▸ **Task to carry out**: Each record should be set down again so that it matches the original exactly.

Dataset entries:
══════════════════════════════

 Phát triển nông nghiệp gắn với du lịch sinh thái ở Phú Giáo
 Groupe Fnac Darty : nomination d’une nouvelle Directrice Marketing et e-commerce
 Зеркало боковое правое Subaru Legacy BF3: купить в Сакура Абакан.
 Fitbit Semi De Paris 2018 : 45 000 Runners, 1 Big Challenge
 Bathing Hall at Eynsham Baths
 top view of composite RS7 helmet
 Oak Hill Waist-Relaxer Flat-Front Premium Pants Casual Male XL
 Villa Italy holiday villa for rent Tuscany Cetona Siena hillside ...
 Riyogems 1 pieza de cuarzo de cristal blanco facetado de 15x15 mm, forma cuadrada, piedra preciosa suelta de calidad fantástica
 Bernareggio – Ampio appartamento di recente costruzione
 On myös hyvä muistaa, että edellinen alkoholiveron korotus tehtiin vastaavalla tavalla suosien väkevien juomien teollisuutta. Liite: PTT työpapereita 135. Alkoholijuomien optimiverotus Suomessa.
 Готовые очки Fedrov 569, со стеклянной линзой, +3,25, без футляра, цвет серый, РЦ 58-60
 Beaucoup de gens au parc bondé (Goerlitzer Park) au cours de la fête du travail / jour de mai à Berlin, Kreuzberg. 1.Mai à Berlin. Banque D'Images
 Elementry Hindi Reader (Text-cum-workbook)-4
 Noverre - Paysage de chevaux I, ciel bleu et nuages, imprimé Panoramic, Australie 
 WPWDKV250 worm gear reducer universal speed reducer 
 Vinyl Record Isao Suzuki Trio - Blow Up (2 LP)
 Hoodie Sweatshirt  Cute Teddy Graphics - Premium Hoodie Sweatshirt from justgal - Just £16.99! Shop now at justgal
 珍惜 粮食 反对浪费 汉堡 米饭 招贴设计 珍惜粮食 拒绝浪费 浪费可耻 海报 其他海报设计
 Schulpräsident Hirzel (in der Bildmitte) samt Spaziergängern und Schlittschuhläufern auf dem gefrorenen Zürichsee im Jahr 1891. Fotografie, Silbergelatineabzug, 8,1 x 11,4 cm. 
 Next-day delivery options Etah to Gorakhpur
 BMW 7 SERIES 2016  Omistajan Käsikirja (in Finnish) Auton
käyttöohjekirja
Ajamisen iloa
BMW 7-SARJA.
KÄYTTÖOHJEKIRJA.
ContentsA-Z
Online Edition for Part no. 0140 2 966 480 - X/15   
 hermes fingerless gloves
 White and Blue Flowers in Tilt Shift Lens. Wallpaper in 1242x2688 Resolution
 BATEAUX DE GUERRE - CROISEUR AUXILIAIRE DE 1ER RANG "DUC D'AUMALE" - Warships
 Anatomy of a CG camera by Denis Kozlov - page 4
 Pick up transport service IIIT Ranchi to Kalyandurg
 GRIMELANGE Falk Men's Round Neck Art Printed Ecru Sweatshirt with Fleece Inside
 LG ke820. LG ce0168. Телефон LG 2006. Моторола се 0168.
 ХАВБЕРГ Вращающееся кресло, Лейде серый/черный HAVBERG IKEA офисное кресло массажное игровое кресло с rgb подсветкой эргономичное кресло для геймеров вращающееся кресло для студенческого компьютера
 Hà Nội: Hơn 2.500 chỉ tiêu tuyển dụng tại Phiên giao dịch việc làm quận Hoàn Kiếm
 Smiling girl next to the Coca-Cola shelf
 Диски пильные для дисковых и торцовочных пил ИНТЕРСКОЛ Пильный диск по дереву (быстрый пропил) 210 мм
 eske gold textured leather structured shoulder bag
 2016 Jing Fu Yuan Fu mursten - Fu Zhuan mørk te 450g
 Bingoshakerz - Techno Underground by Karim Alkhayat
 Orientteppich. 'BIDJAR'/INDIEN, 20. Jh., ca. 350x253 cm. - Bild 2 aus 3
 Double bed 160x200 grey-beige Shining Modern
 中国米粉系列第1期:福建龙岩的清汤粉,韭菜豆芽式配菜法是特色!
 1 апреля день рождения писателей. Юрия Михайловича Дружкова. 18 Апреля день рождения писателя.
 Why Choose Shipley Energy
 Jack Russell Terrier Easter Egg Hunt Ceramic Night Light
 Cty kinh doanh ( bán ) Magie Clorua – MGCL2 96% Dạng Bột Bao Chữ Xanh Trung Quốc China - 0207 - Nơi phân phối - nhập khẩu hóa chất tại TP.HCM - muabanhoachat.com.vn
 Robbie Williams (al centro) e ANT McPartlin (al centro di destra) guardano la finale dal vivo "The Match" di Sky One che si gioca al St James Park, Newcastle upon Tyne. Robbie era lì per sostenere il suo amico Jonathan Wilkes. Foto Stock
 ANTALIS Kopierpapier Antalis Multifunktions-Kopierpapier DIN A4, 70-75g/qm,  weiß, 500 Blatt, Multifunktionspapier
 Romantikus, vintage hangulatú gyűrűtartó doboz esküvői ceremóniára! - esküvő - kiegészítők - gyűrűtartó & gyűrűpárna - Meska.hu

══════════════════════════════

▸ **Response**:
 Phát triển nông nghiệp gắn với du lịch sinh thái ở Phú Giáo
 Groupe Fnac Darty : nomination d’une nouvelle Directrice Marketing et e-commerce
 Зеркало боковое правое Subaru Legacy BF3: купить в Сакура Абакан.
 Fitbit Semi De Paris 2018 : 45 000 Runners, 1 Big Challenge
 Bathing Hall at Eynsham Baths
 top view of composite RS7 helmet
 Oak Hill Waist-Relaxer Flat-Front Premium Pants Casual Male XL
 Villa Italy holiday villa for rent Tuscany Cetona Siena hillside ...
 Riyogems 1 pieza de cuarzo de cristal blanco facetado de 15x15 mm, forma cuadrada, piedra preciosa suelta de calidad fantástica
 Bernareggio – Ampio appartamento di recente costruzione
 On myös hyvä muistaa, että edellinen alkoholiveron korotus tehtiin vastaavalla tavalla suosien väkevien juomien teollisuutta. Liite: PTT työpapereita 135. Alkoholijuomien optimiverotus Suomessa.
 Готовые очки Fedrov 569, со стеклянной линзой, +3,25, без футляра, цвет серый, РЦ 58-60
 Beaucoup de gens au parc bondé (Goerlitzer Park) au cours de la fête du travail / jour de mai à Berlin, Kreuzberg. 1.Mai à Berlin. Banque D'Images
 Elementry Hindi Reader (Text-cum-workbook)-4
 Noverre - Paysage de chevaux I, ciel bleu et nuages, imprimé Panoramic, Australie 
 WPWDKV250 worm gear reducer universal speed reducer 
 Vinyl Record Isao Suzuki Trio - Blow Up (2 LP)
 Hoodie Sweatshirt  Cute Teddy Graphics - Premium Hoodie Sweatshirt from justgal - Just £16.99! Shop now at justgal
 珍惜 粮食 反对浪费 汉堡 米饭 招贴设计 珍惜粮食 拒绝浪费 浪费可耻 海报 其他海报设计
 Schulpräsident Hirzel (in der Bildmitte) samt Spaziergängern und Schlittschuhläufern auf dem gefrorenen Zürichsee im Jahr 1891. Fotografie, Silbergelatineabzug, 8,1 x 11,4 cm. 
 Next-day delivery options Etah to Gorakhpur
 BMW 7 SERIES 2016  Omistajan Käsikirja (in Finnish) Auton
käyttöohjekirja
Ajamisen iloa
BMW 7-SARJA.
KÄYTTÖOHJEKIRJA.
ContentsA-Z
Online Edition for Part no. 0140 2 966 480 - X/15   
 hermes fingerless gloves
 White and Blue Flowers in Tilt Shift Lens. Wallpaper in 1242x2688 Resolution
 BATEAUX DE GUERRE - CROISEUR AUXILIAIRE DE 1ER RANG "DUC D'AUMALE" - Warships
 Anatomy of a CG camera by Denis Kozlov - page 4
 Pick up transport service IIIT Ranchi to Kalyandurg
 GRIMELANGE Falk Men's Round Neck Art Printed Ecru Sweatshirt with Fleece Inside
 LG ke820. LG ce0168. Телефон LG 2006. Моторола се 0168.
 ХАВБЕРГ Вращающееся кресло, Лейде серый/черный HAVBERG IKEA офисное кресло массажное игровое кресло с rgb подсветкой эргономичное кресло для геймеров вращающееся кресло для студенческого компьютера
 Hà Nội: Hơn 2.500 chỉ tiêu tuyển dụng tại Phiên giao dịch việc làm quận Hoàn Kiếm
 Smiling girl next to the Coca-Cola shelf
 Диски пильные для дисковых и торцовочных пил ИНТЕРСКОЛ Пильный диск по дереву (быстрый пропил) 210 мм
 eske gold textured leather structured shoulder bag
 2016 Jing Fu Yuan Fu mursten - Fu Zhuan mørk te 450g
 Bingoshakerz - Techno Underground by Karim Alkhayat
 Orientteppich. 'BIDJAR'/INDIEN, 20. Jh., ca. 350x253 cm. - Bild 2 aus 3
 Double bed 160x200 grey-beige Shining Modern
 中国米粉系列第1期:福建龙岩的清汤粉,韭菜豆芽式配菜法是特色!
 1 апреля день рождения писателей. Юрия Михайловича Дружкова. 18 Апреля день рождения писателя.
 Why Choose Shipley Energy
 Jack Russell Terrier Easter Egg Hunt Ceramic Night Light
 Cty kinh doanh ( bán ) Magie Clorua – MGCL2 96% Dạng Bột Bao Chữ Xanh Trung Quốc China - 0207 - Nơi phân phối - nhập khẩu hóa chất tại TP.HCM - muabanhoachat.com.vn
 Robbie Williams (al centro) e ANT McPartlin (al centro di destra) guardano la finale dal vivo "The Match" di Sky One che si gioca al St James Park, Newcastle upon Tyne. Robbie era lì per sostenere il suo amico Jonathan Wilkes. Foto Stock
 ANTALIS Kopierpapier Antalis Multifunktions-Kopierpapier DIN A4, 70-75g/qm,  weiß, 500 Blatt, Multifunktionspapier
 Romantikus, vintage hangulatú gyűrűtartó doboz esküvői ceremóniára! - esküvő - kiegészítők - gyűrűtartó & gyűrűpárna - Meska.hu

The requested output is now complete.